● Exercise requirements
Once you find the line with "Haku Studio / THE HOUSE (ハクスタジオ)ミニキッチン" in the entries below, print it and each line after it up to and including the line with "MTG Unlimited Mahamoti", exactly, without pictures.

● Data supplied
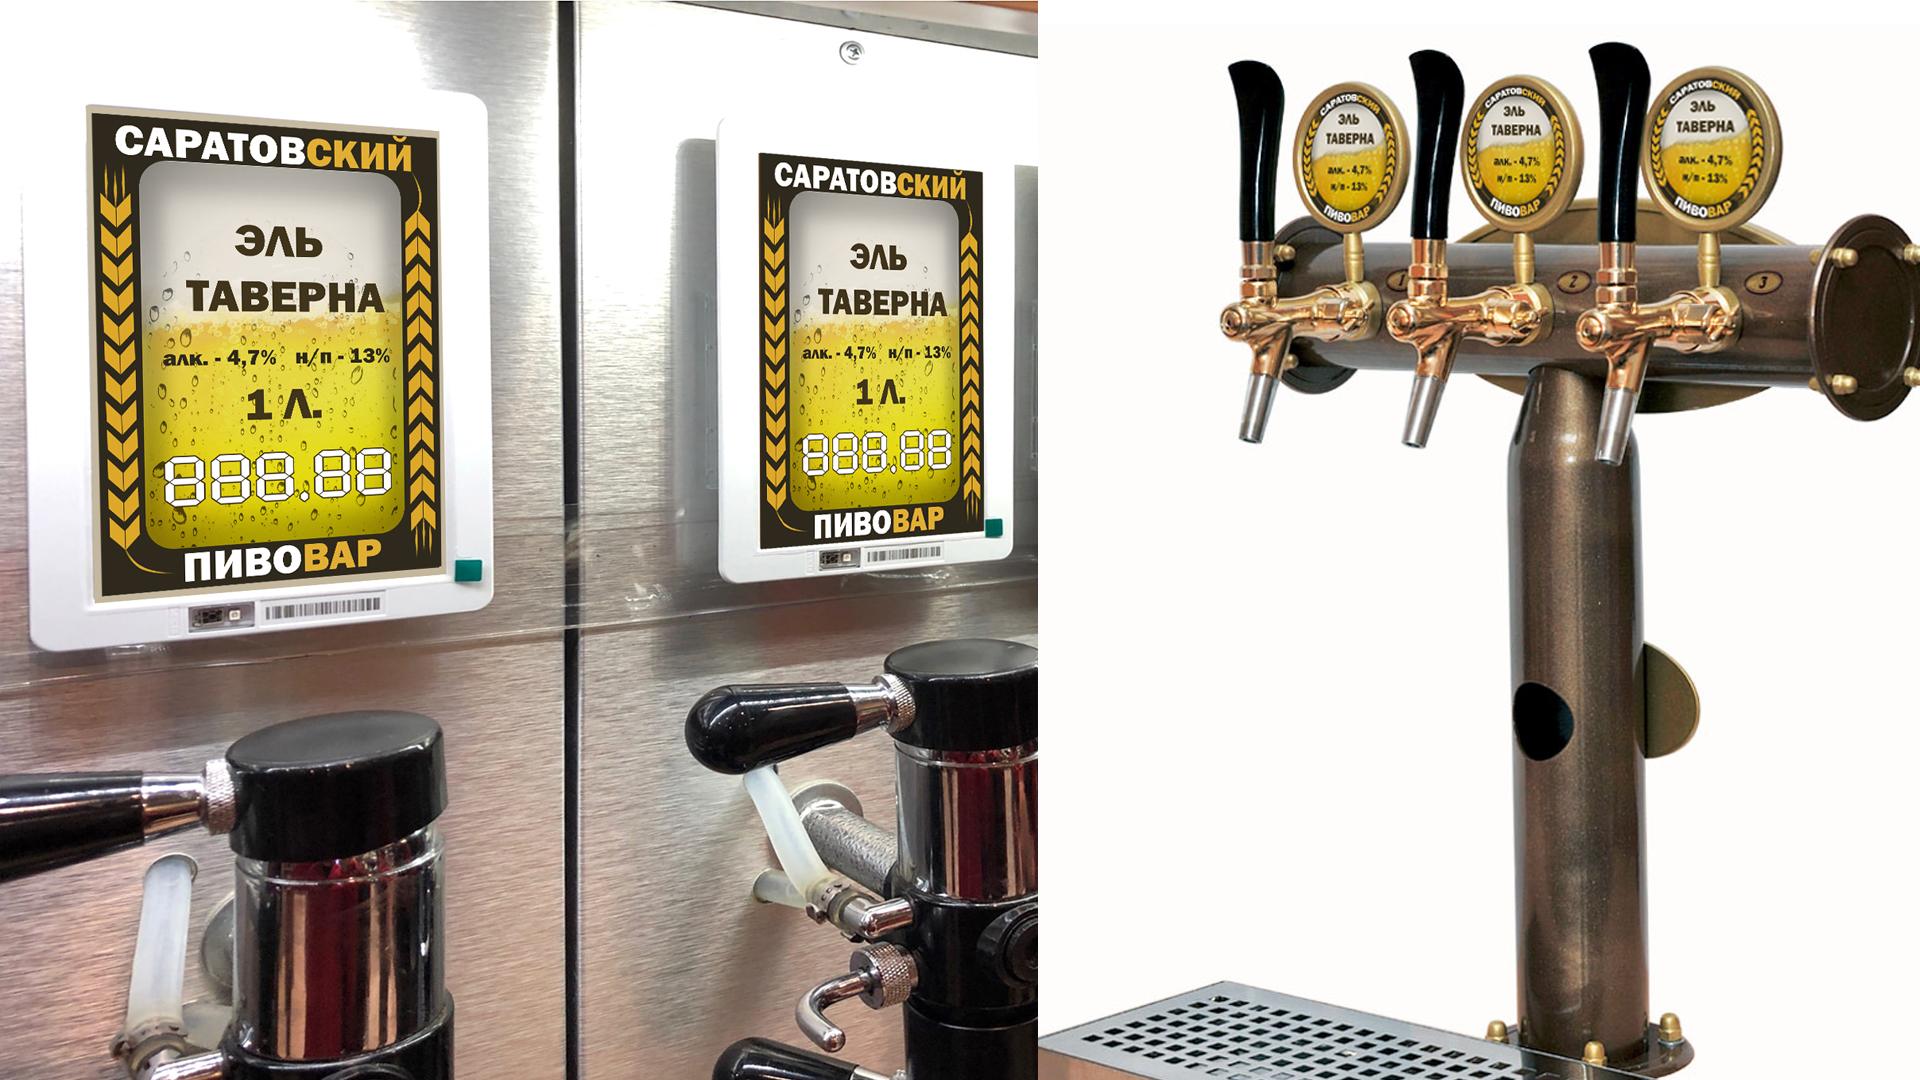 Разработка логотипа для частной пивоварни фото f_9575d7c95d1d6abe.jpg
--
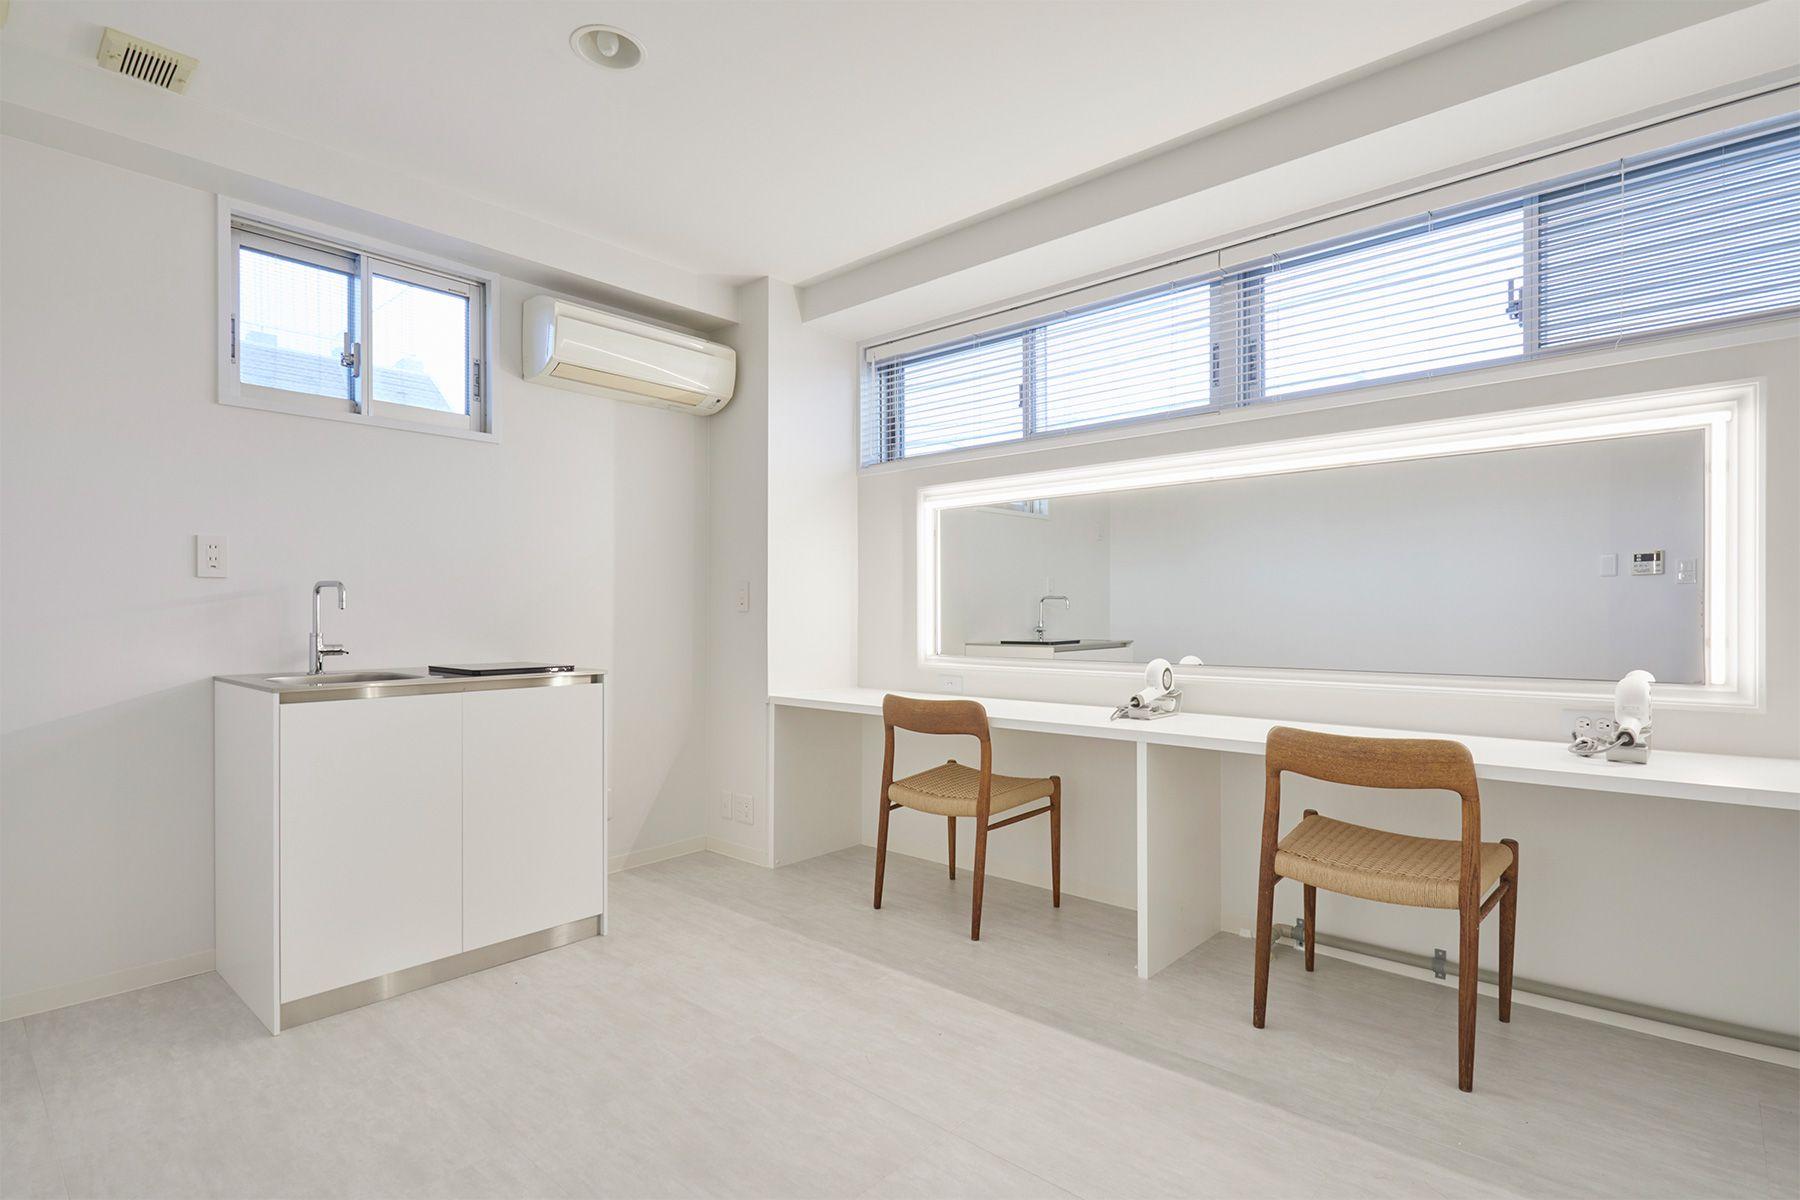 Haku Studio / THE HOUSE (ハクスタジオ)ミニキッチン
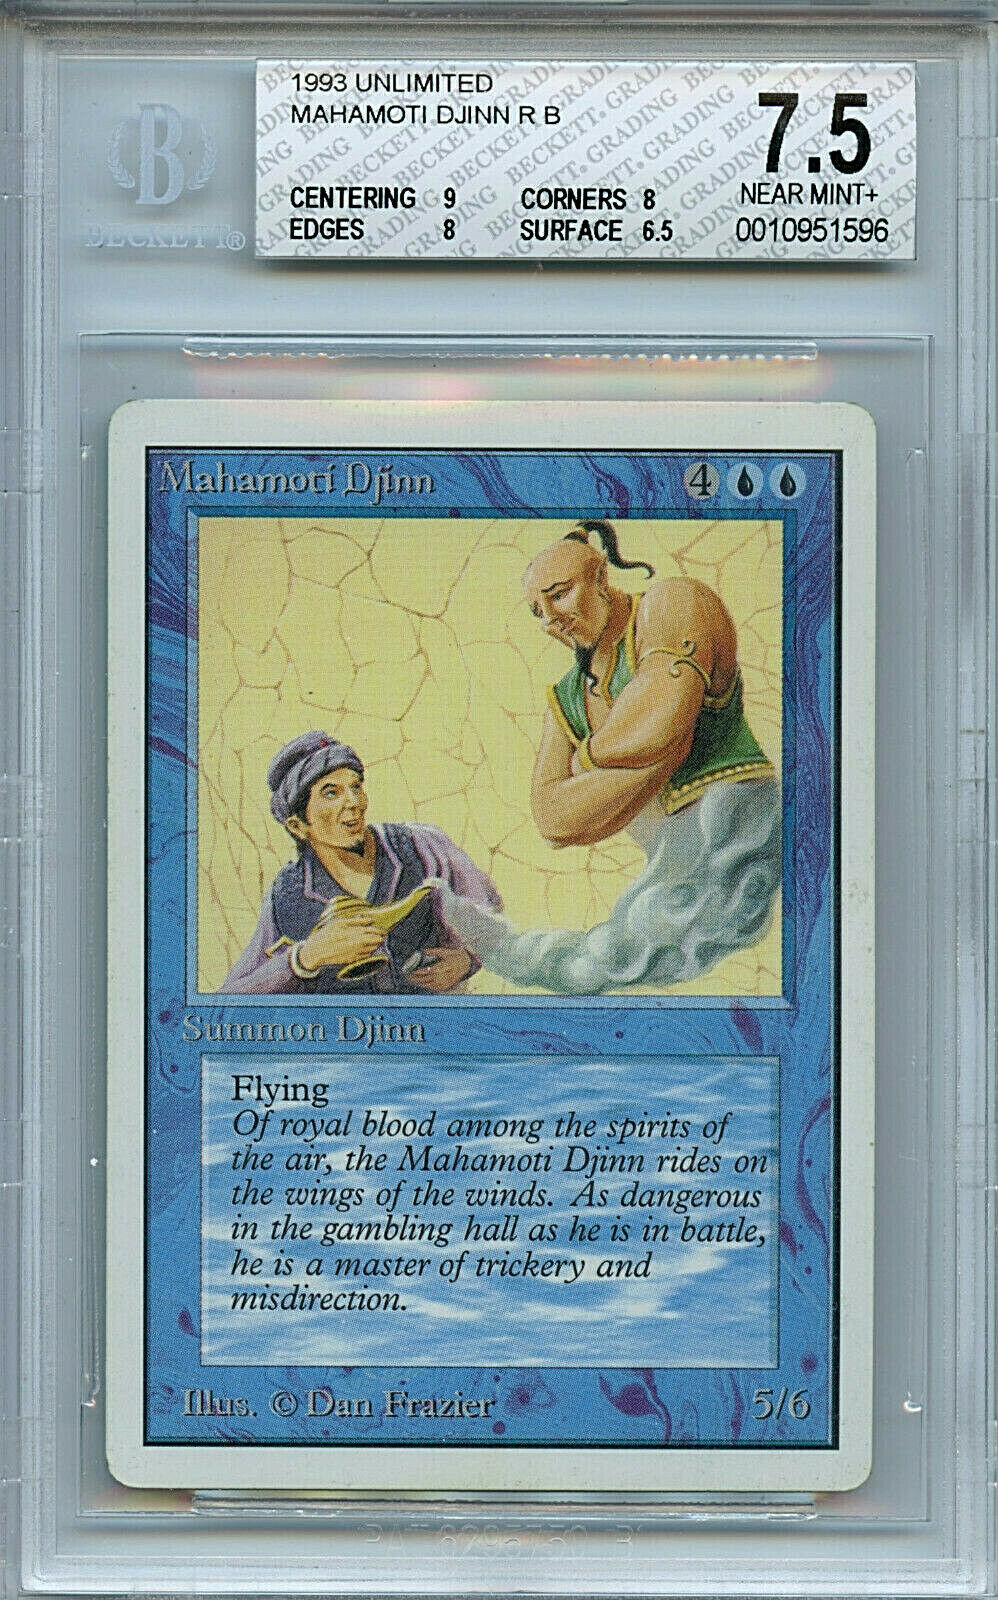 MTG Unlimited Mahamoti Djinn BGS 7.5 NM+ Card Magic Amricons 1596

● Answer section
 Haku Studio / THE HOUSE (ハクスタジオ)ミニキッチン
 MTG Unlimited Mahamoti Djinn BGS 7.5 NM+ Card Magic Amricons 1596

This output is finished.